ANAIS DO SIMPÓSIO


O romantismo "frenético" de Han d'Islande

Ana Luiza Silva Camarani
Unesp

Publicado em fevereiro de 1823, Han d´Islande provoca um grande impacto nos meios literários parisienses; assim, não causa espanto o número de polêmicas suscitadas por esse romance, que parece fugir à concepção de romantismo, na época em que o movimento estava em formação.

Tanto os partidários da nova literatura, quanto os que se atinham ao classicismo, manifestam opiniões semelhantes em relação ao texto de Hugo.

Em março de 1823, no jornal Quotidienne, Charles Nodier, sem ousar apadrinhar a obra e reconhecer sua posteridade, faz um elogio bastante veemente do talento do jovem romancista:

On reconnaît dans Han d’Islande beaucoup d’érudition, beaucoup d’esprit [...], un style vif, pittoresque [...] et, ce qu’il y a de plus étonnant, cette délicatesse de tact et cette finesse de sentiment qui sont des acquisitions de la vie, et qui contrastent ici de la manière la plus surprenante avec les jeux barbares d’une imagination malade [...]. (Apud Bray, 1963: 80)

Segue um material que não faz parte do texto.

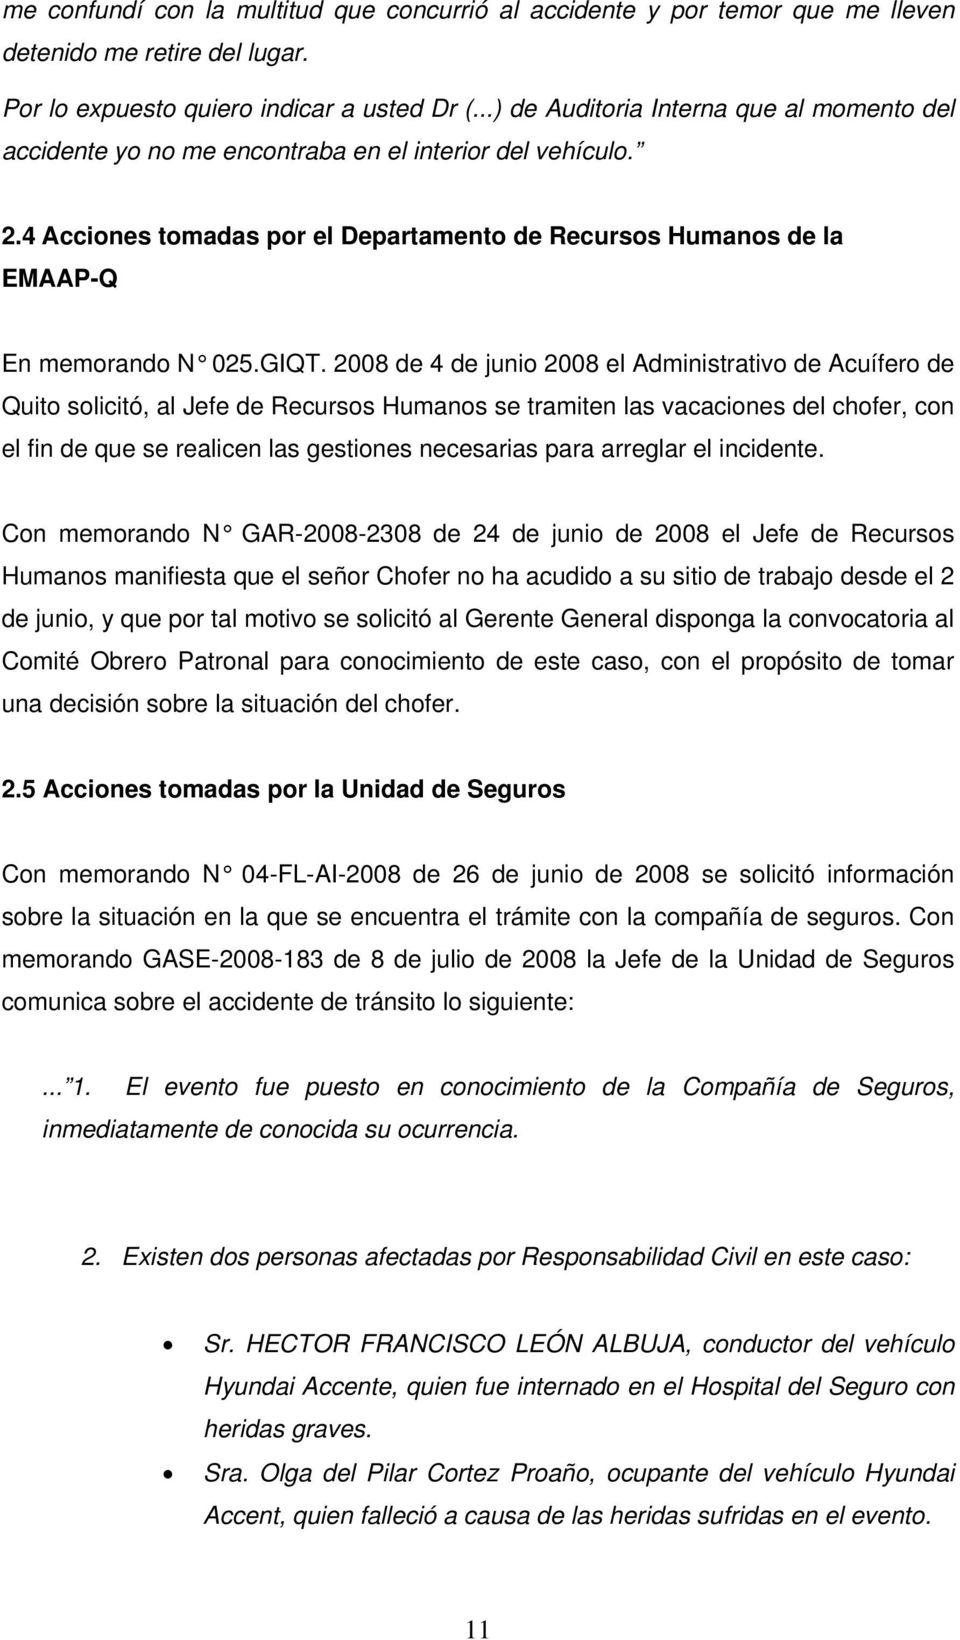 GIQT. 2008 de 4 de junio 2008 el Administrativo de Acuífero de Quito solicitó, al Jefe de Recursos Humanos se tramiten las vacaciones del chofer, con el fin de que se realicen las gestiones

Assim Nodier, um monarquista, um romântico, faz entretanto reservas sobre a inspiração de Han d’Islande. Como os liberais clássicos não o fariam? O Mercure du XIXe siècle, que acabava de ser fundado por uma equipe de doutrinários, publica um artigo muito severo sobre o romance:

L’auteur ne se nomme point. C’est, dit-on, un poète [...]. Il est, assurent quelques personnes, une des colonnes de la Société des Bonnes-Lettres (1): on l’accueille dans certains salons; de grands seigneurs le protègent; le Trésor le pensionne. Un écrivain si bien entretenu ne devait pas rester inactif; il a senti cette obligation, et c’est sans doute pour la remplir qu’il a publié Han d’Islande [...]. Les métaphysiciens prétendent que le génie est voisin de la démence. S’il en est ainsi, on peut dire que l’auteur de Han d’Islande n’est pas très éloigné du génie [...]. L’explication la plus favorable que l’on puisse offrir sur l’origine de ses inspirations, c’est de dire qu’il a subit les tourments d’un long cauchemar, pendant lequel il a rêvé les quatre volumes de Han d’Islande. (Apud Bray, 1963, p. 80-81)

Os amigos de Victor Hugo sensibilizam-se com esse artigo. Uma controvérsia penosa entre os editores do romance e o autor atrai ainda mais a atenção do público. O rei Louis XVIII concede ao poeta uma nova pensão de dois mil francos.

A verdade é que o romantismo foi visto, por muito tempo, como um simples gênero poético ou dramático no interior de uma literatura concebida como clássica. A oposição entre classicismo e romantismo começa a esboçar-se entre 1804 e 1810, quando mentes abertas e liberais passam a inclinar-se, cada vez mais, para uma reforma literária aberta às influências estrangeiras. Por volta de 1816, surgem traduções francesas de autores de língua alemã e inglesa: Byron, Scott, Schiller, Shakespeare, Goethe. A partir de 1818, o romantismo passa a ser visto como uma renovação literária decorrente da renovação social, e a necessidade de modificação começa a ser sentida mesmo entre os clássicos.

(1) Sociedade fundada em janeiro de 1821 para combater o liberalismo e difundir a "boa doutrina", considerando o gênero romântico como uma parte da literatura clássica e buscando a inspiração na tradição política e religiosa do país.